Over the past year, I encountered remarkable, resolute people in the search for truth and justice in the Duke Lacrosse Case. Their research, writings, poems, videos and cartoons energized us to continue. It was a privilege to meet and speak with some of the lacrosse players, their families and the Presslers. Their courage inspired me. The common theme of the conversations was faith and how it had sustained them, provided them hope, and at times carried them through some of their darkest days. When their university turned its back on them, when the media spewed vile things about them, when our legal system did not seem to be working, what remained were family, friends and faith.

Today I met Rae Evans for the first time. She was wearing a St. Raymond pendant and she gave me a special gift of a St. Raymond medal. Faith has taken me on a journey from that first post on Court TV about faith, to writing the Dave Evans profile of courage on the morning of Raymond Forker’s death, praying to the patron saint of the falsely accused and receiving the medal. The St. Raymond medal reminds me that with faith all things are possible.

None of us will forget the Duke Lacrosse Case. We must move forward and learn from the experience. The Duke Lacrosse team will become better and stronger men, sons, husbands, and fathers because of the case. This is not the end, but the beginning for there is still much work to be done. Hopefully, the players and their many supporters will follow in the generous footsteps of St. Raymond, so that something like this never happens again.

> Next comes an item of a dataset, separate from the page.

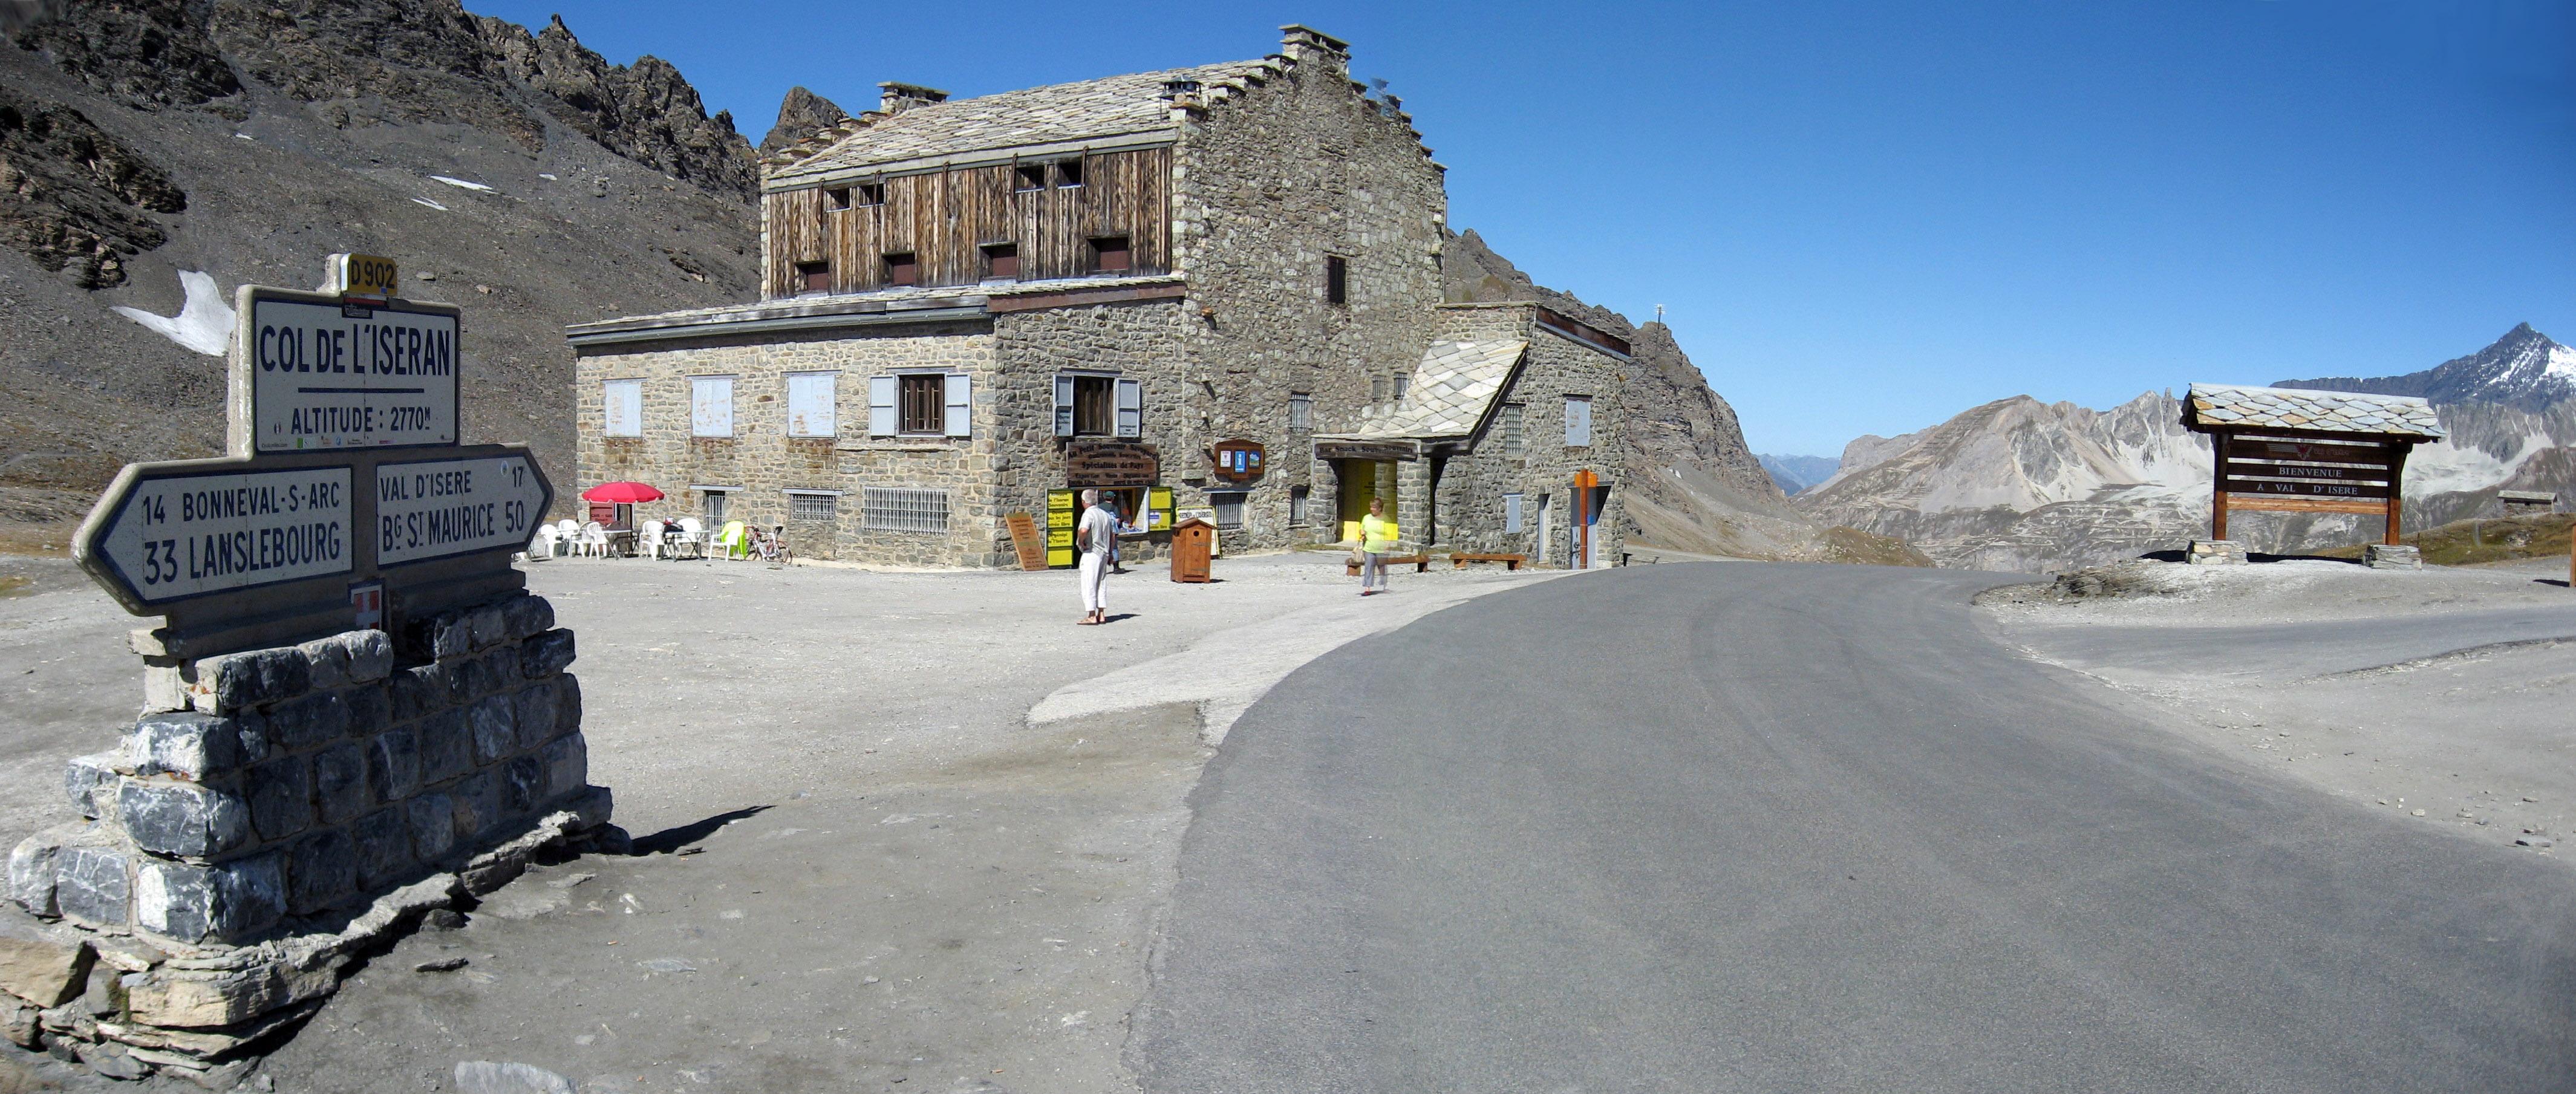 Col de l 39 iseran au coeur de la montagne - Office du tourisme bourg saint maurice ...

Reflecting on the events of the case, its effect on all those involved and looking to the future, the poignant words of Father Bob Joerger, a mission priest who spoke of the story of Lazarus at my church during the past Lenten season seem most appropriate:

"What seems like weakness becomes strength, what seems like failure becomes new growth, what seems like the end, becomes the beginning, what seems like ultimate depravity, becomes redemption, what seems like powerlessness, becomes power, and what seems like death, becomes the seeds of a new life."